Ask the Chef

November 23, 2005  ...  by Chef John Pisto

Tomorrow is the big turkey day and I thought I'd share the very best way to cook your bird (in my opinion). But first, have I ever told you what I remember Thanks-giving was like in the 1950's in an Italian household? It all started with a few high balls, 7&7's or Vodka & 7. The first course would be homemade raviolis stuffed with meat and Swiss chard. Then the bird. Well, God Bless my Mom, but she did not do a good turkey. You have to realize that we only had turkey once a year and inevitably it was always over-cooked. I mean white meat saw dust! My poor father always used a carving set that was bought at the dollar store and it was as dull as a bad politician. Every year he would attempt to slice the breast and saw dust would result. Every year he would say, "Santa! This knife don't cut, give me another" - same problem. The dark meat

was usually okay, but we usually ate too many raviolis to really enjoy the turkey anyway. The ravioli filling was heaven, stuffed with the addition of grated carrots. Also, in those days, we didn't have gravy because nobody knew how to make it. So there you are, just served up with mashed potatoes and candied yams. Desserts consisted of extra-thin pumpkin pies (usually over-cooked and generally not very good) along with my Nana's homemade cannoli - now that was a great dessert. The girls would all wash the dishes and catch up on gossip, while the men would take naps and the kids would run down to Fisherman's Wharf and the beach.
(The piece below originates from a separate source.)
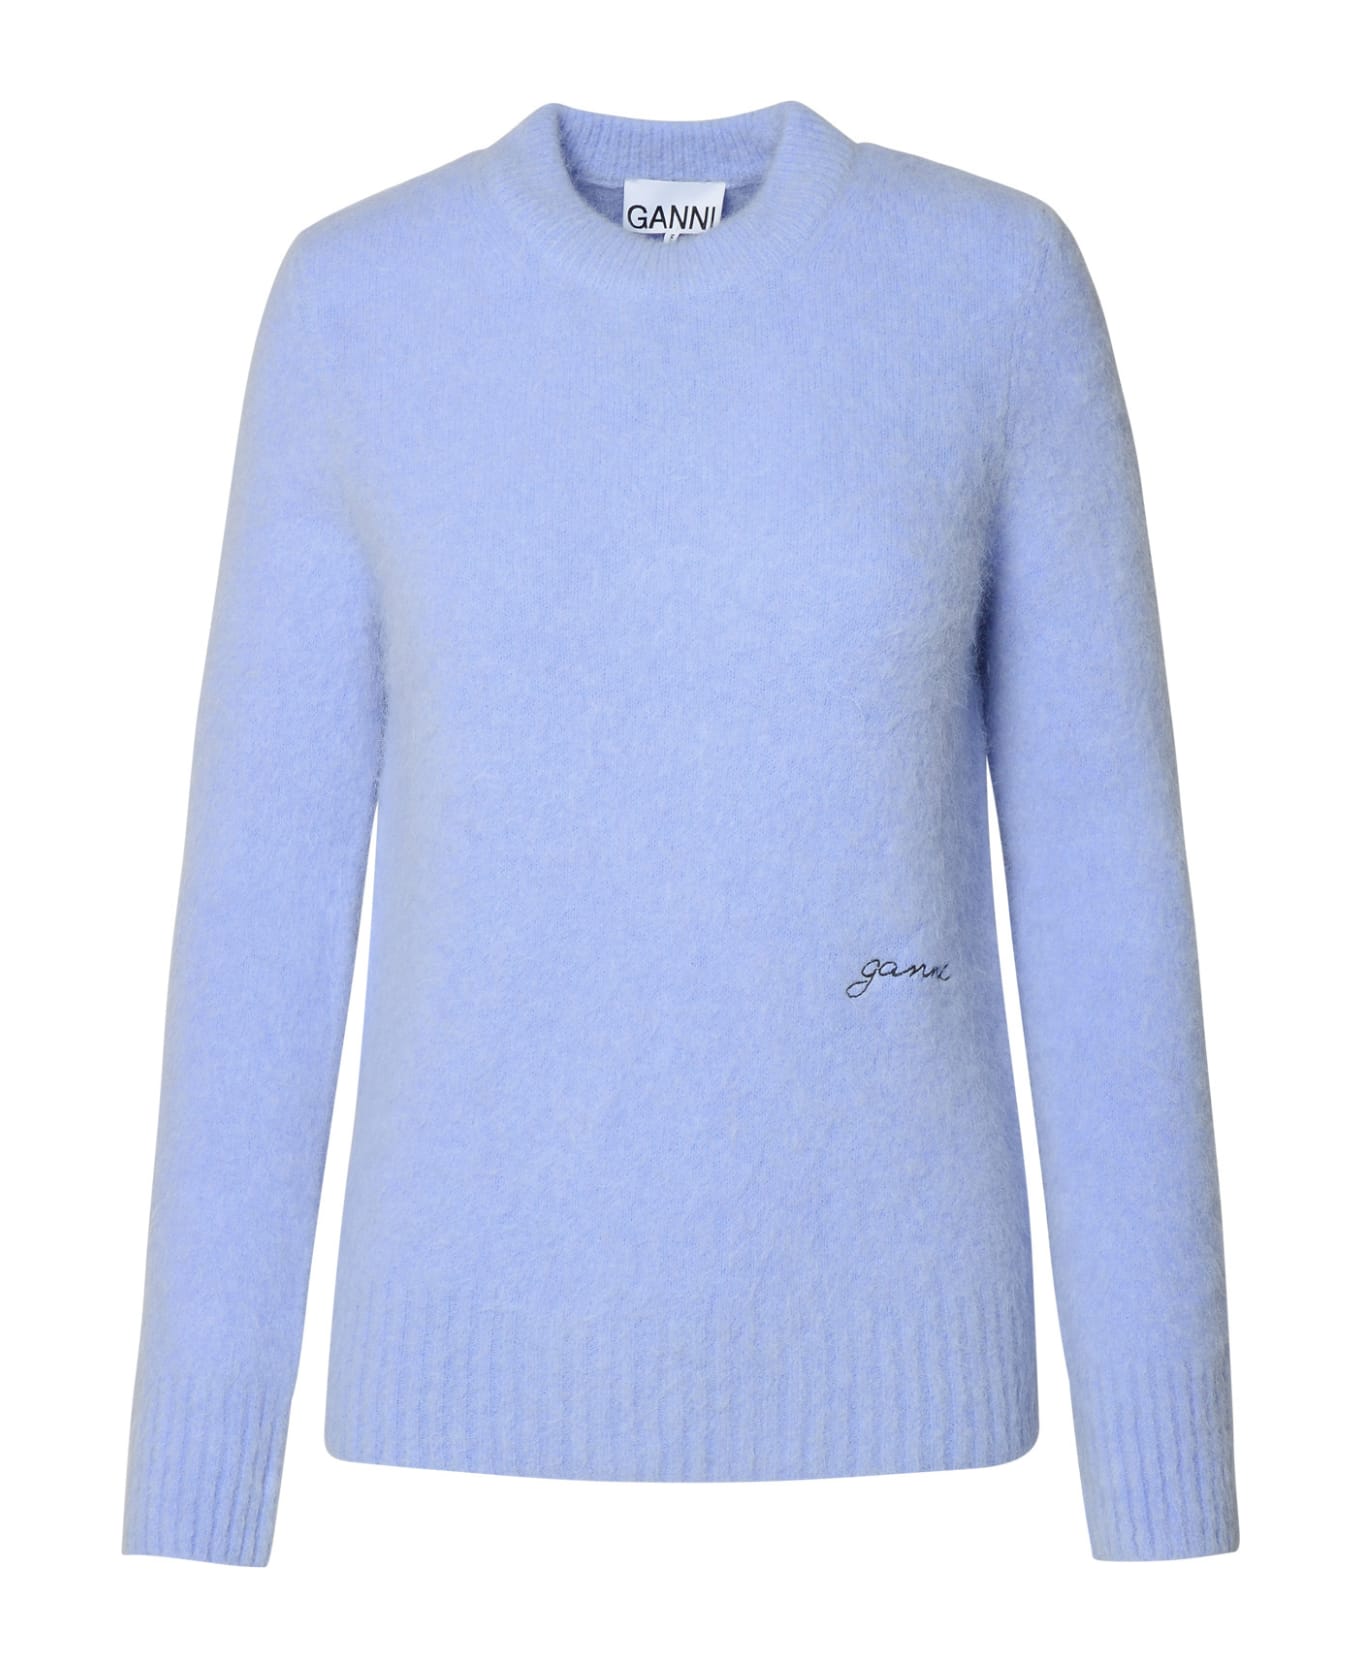 Ganni Light Blue Virgin Wool Blend Sweater - Liliac ニットウェア

About three hours later, things would start to stir again. Time for a little poker (25¢ limit), turkey sandwiches, cannolis and visitors - in and out for the rest of the night. Then there's the story about the recently-arrived family from Sicily,
who wanted to have turkey for Thanksgiving. The mother did what any good Sicilian cook would do. She cut the meat into chunks and added it to a tomato sauce and, lo and behold, you have pasta with turkey in the sauce. Okay, enough reminiscing, the very best way to cook a turkey is on a rotisserie, using a thermometer to test when it's done and you've got the best turkey ever. Remember don't eat too much, don't drink too much and be nice to one another. Finally, if you're not the one doing the cooking, be a good guest (whether invited or uninvited). It takes several days of shopping, prepping, stressing, setting up and cleaning up. So, bring a nice gift. How about a decent bottle of wine? Come on, spend more that a couple of bucks. Happy Thanksgiving!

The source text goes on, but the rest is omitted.